+++ Collected data +++
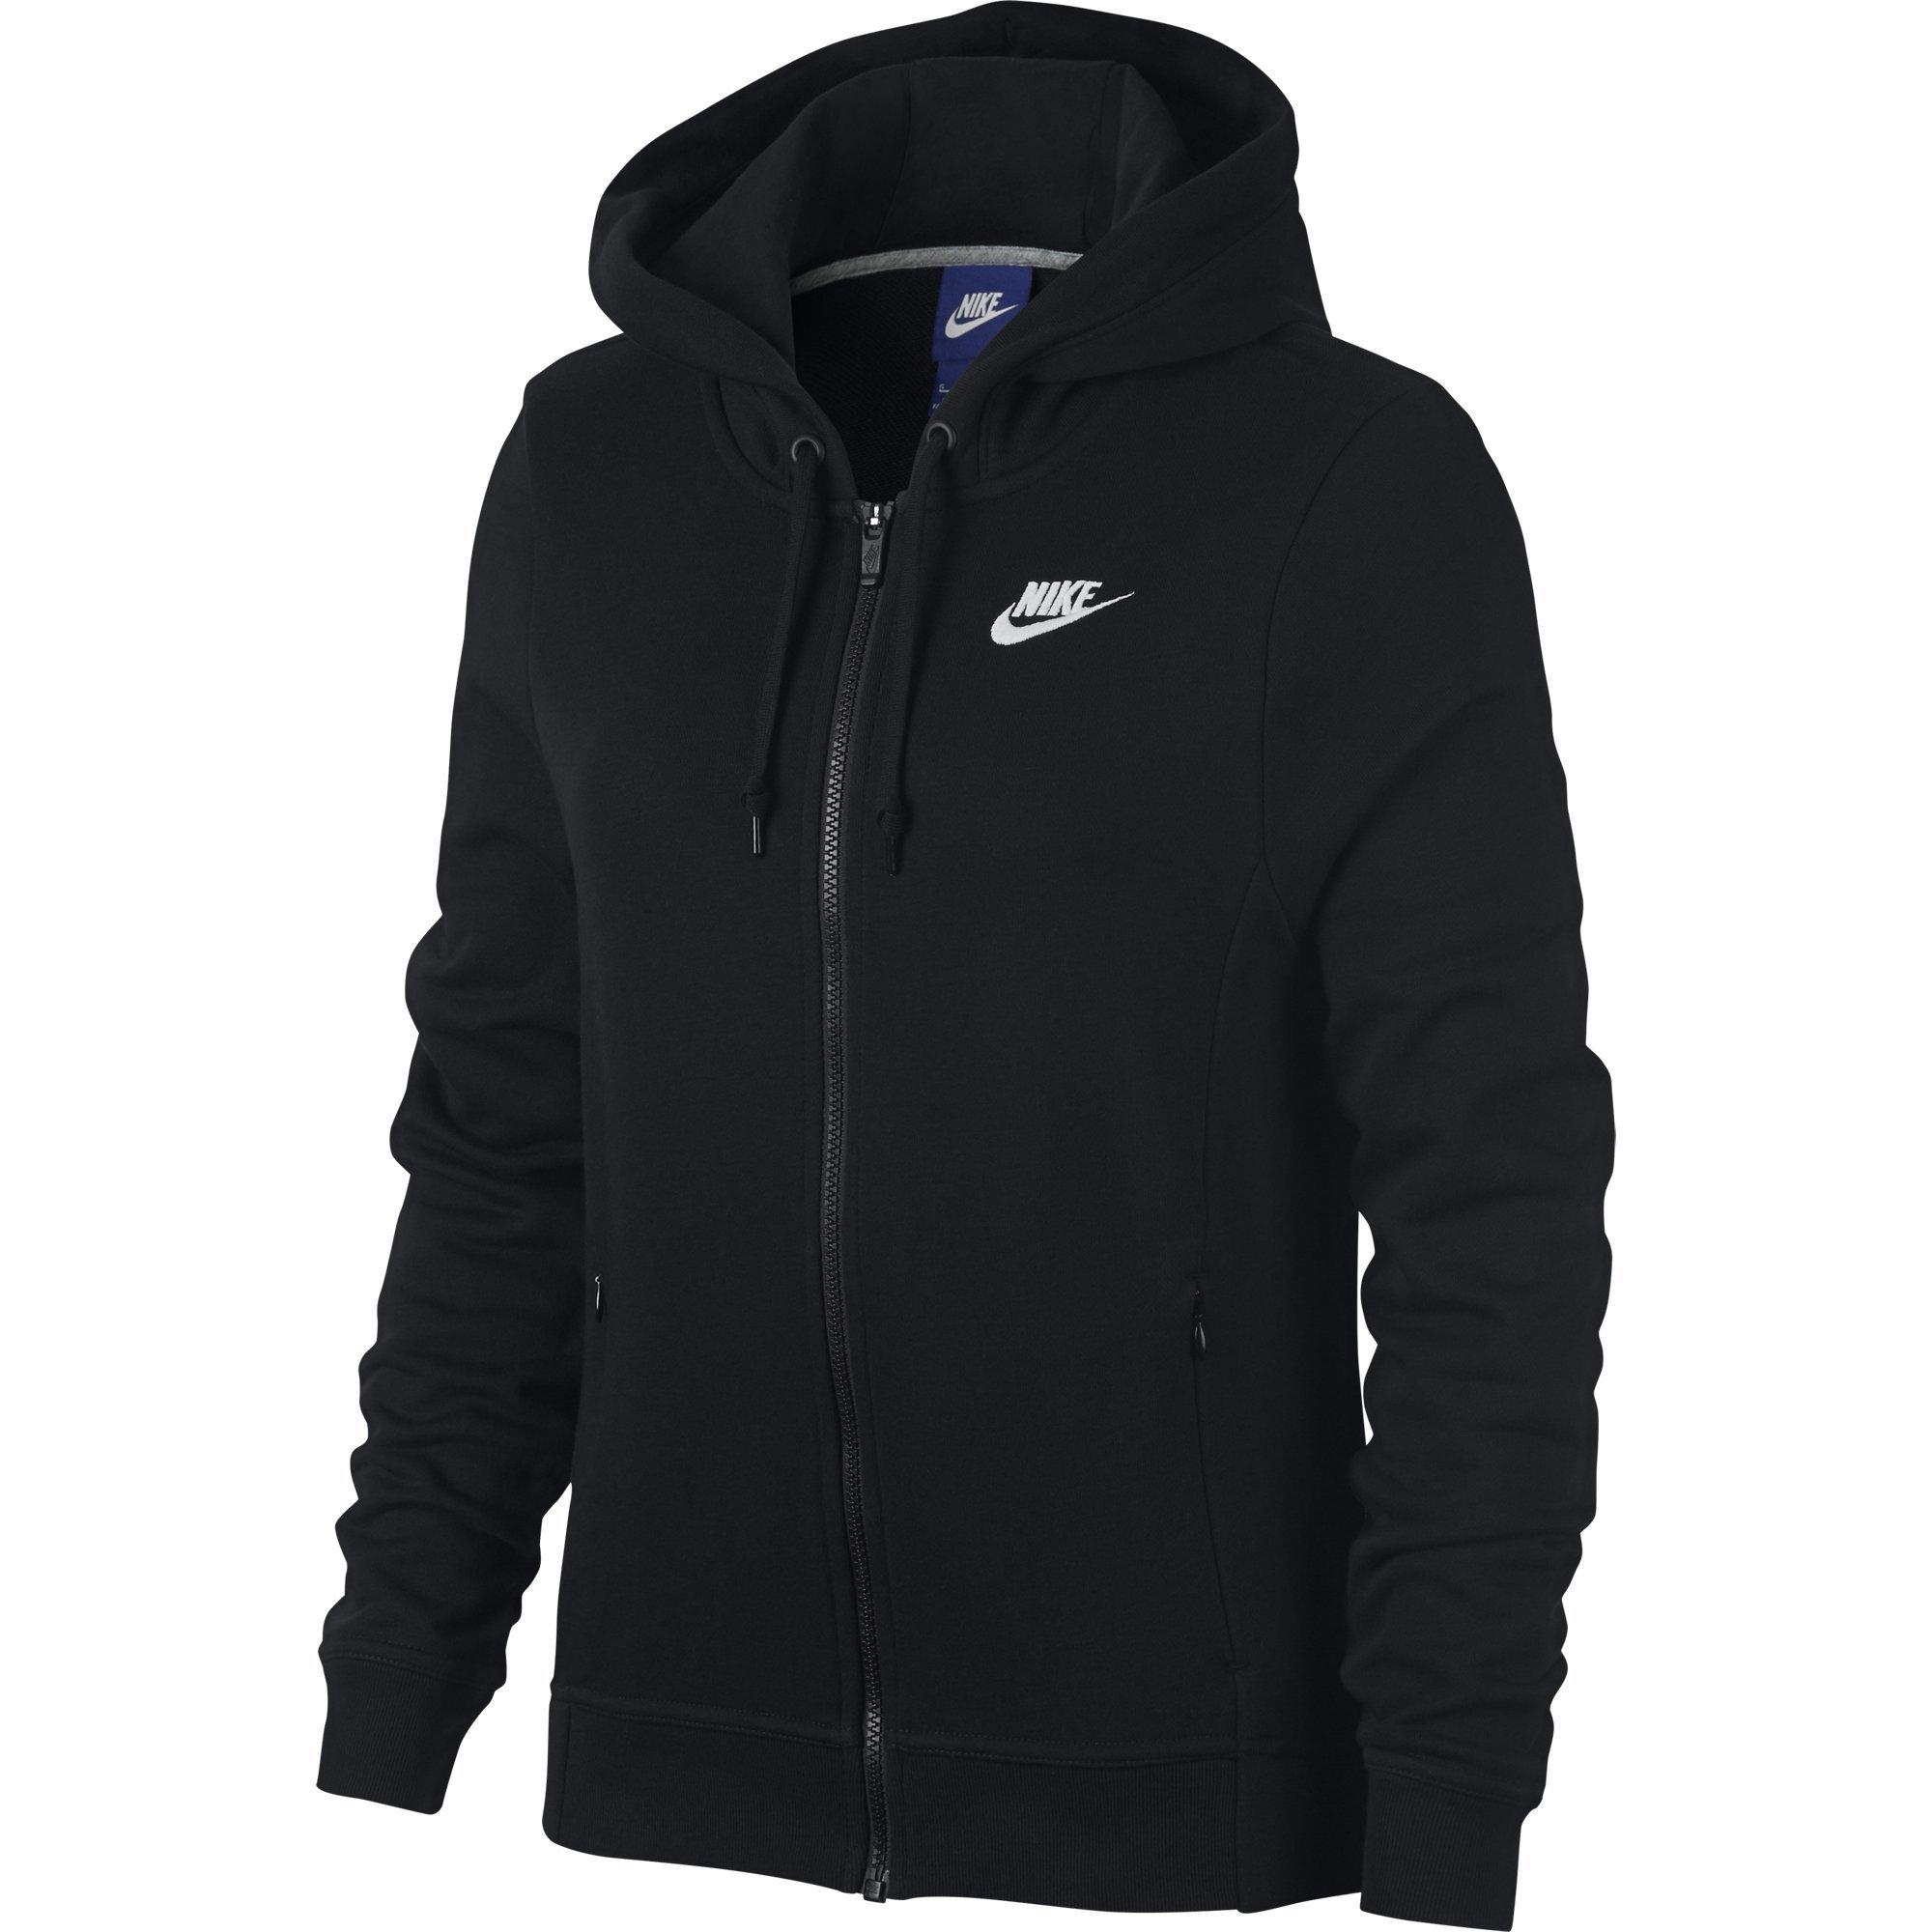 NIKE Sportswear Women's Full Zip Hoodie, Black/Black/Black/White, Medium
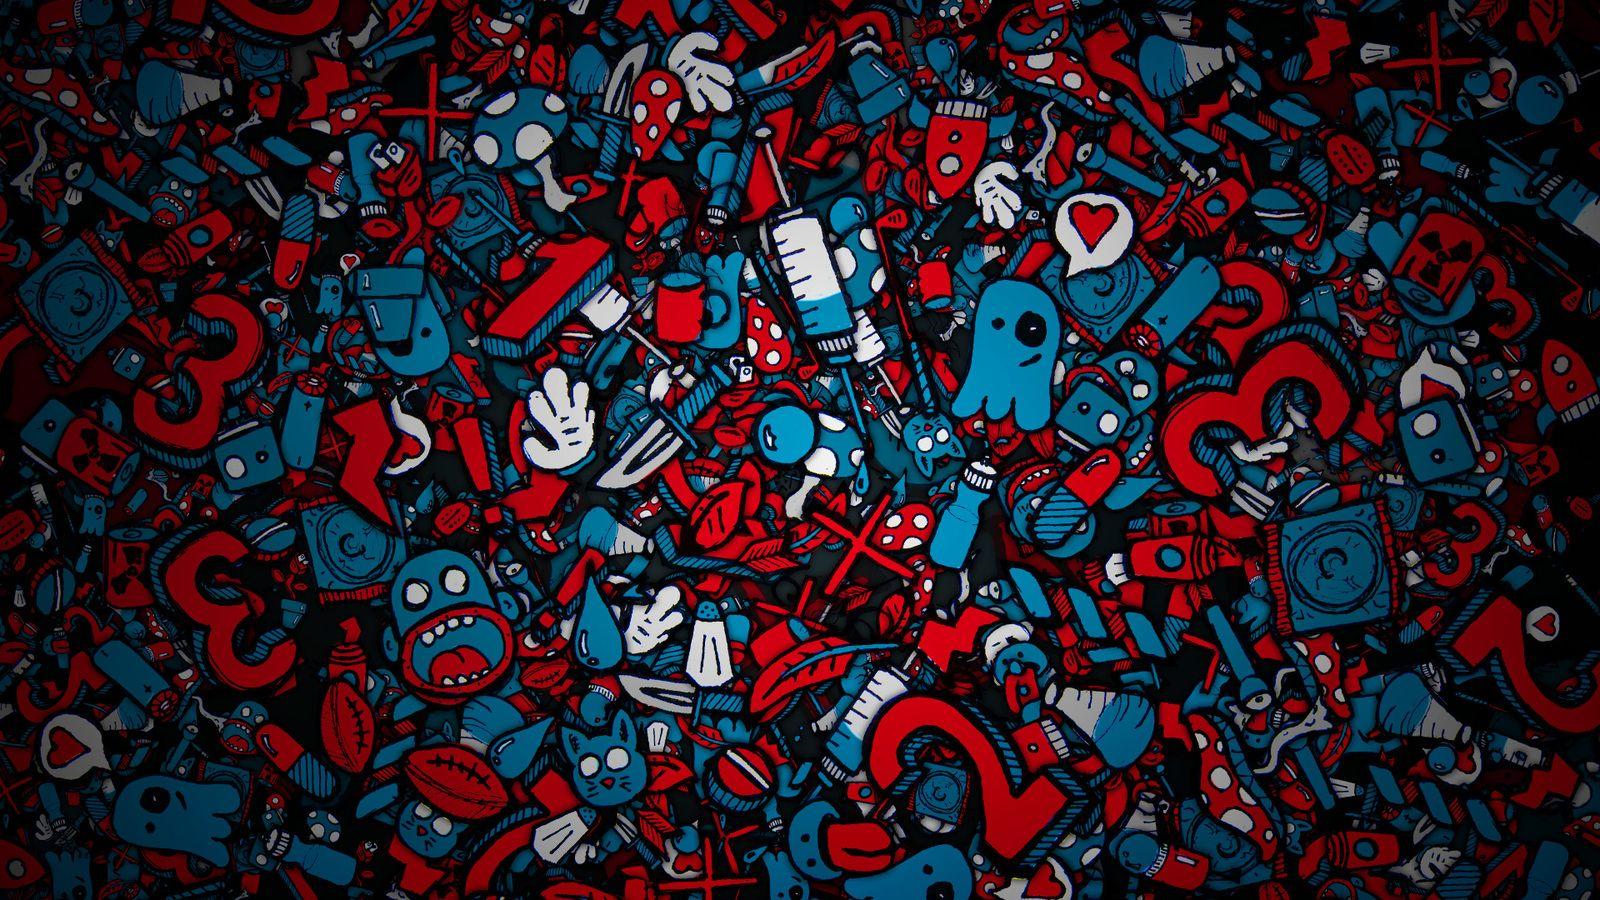 cool wallpapers hd 8087 | #ARTE in 2019 | Imac wallpaper, Number wallpaper, Hd cool wallpapers
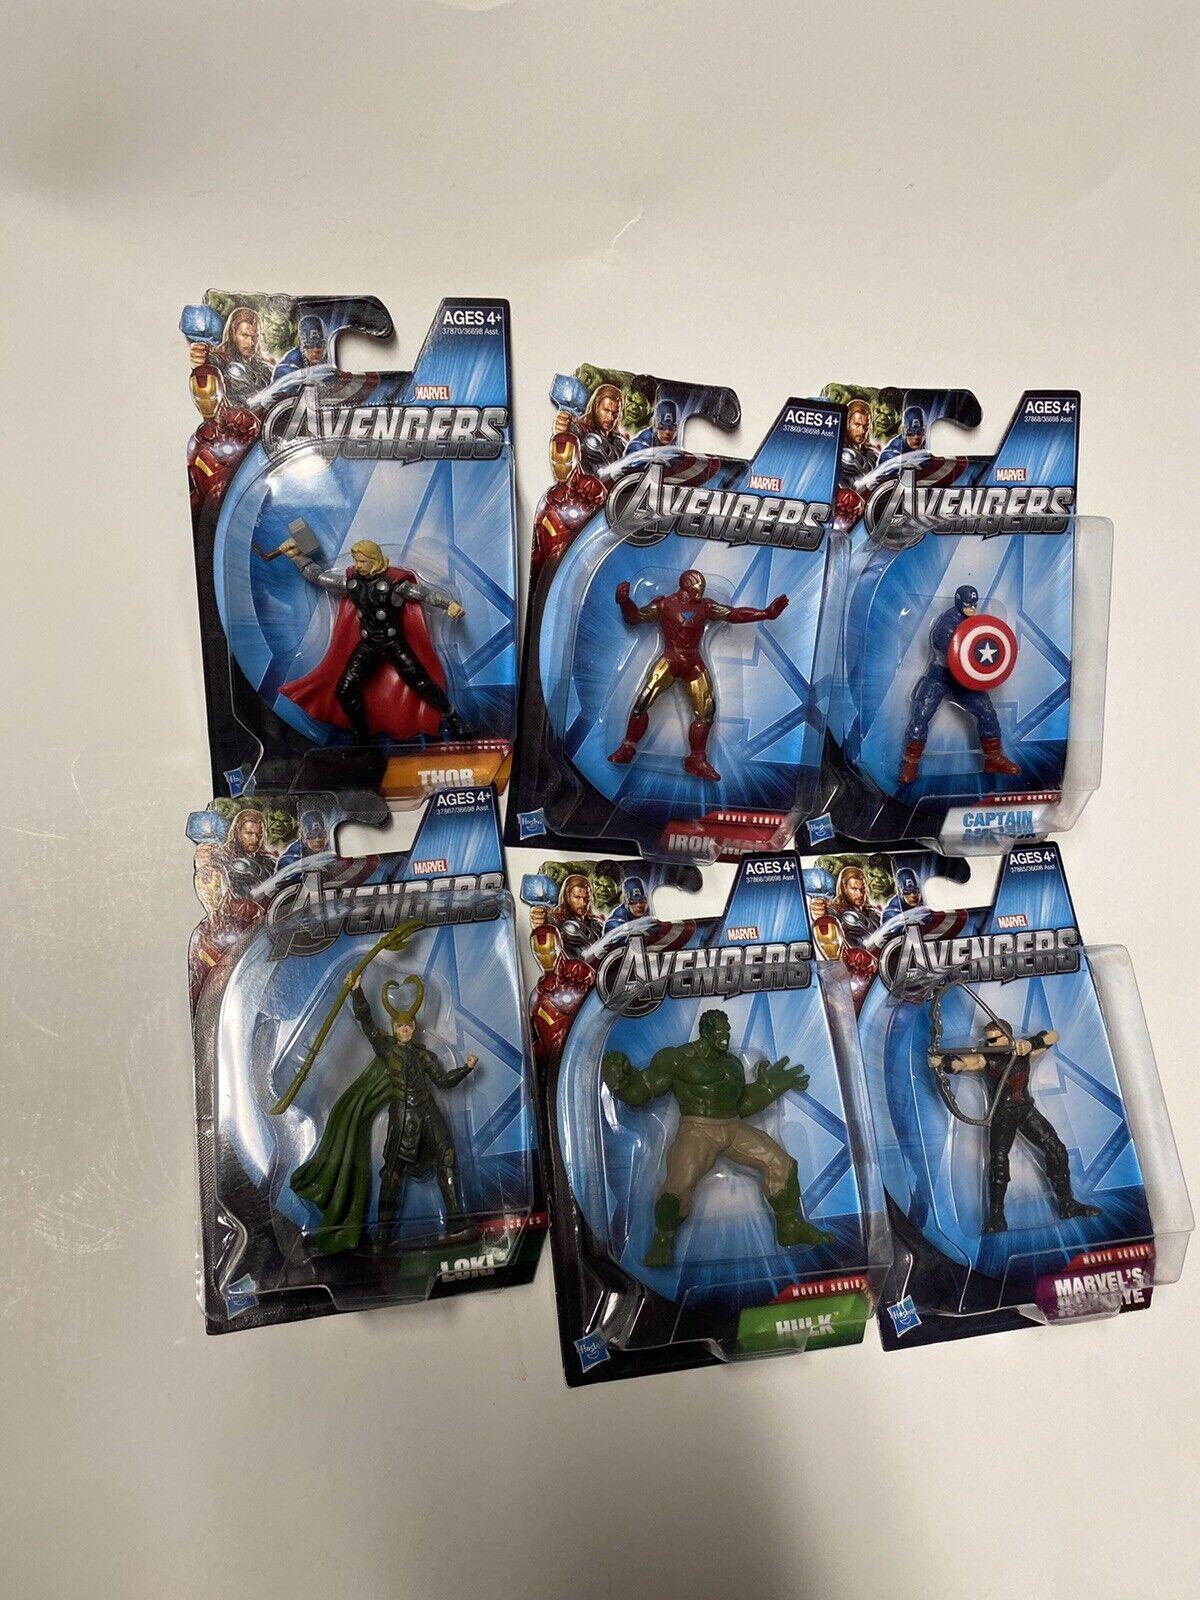 Marvel Avengers Movie Series Mini cifras completare Set primero Avengers Movie
+++
_What to work on:_ Each line of the listing above belongs in the answer exactly as written; the pictures do not.

_Answer to the problem:_
 NIKE Sportswear Women's Full Zip Hoodie, Black/Black/Black/White, Medium
 cool wallpapers hd 8087 | #ARTE in 2019 | Imac wallpaper, Number wallpaper, Hd cool wallpapers
 Marvel Avengers Movie Series Mini cifras completare Set primero Avengers Movie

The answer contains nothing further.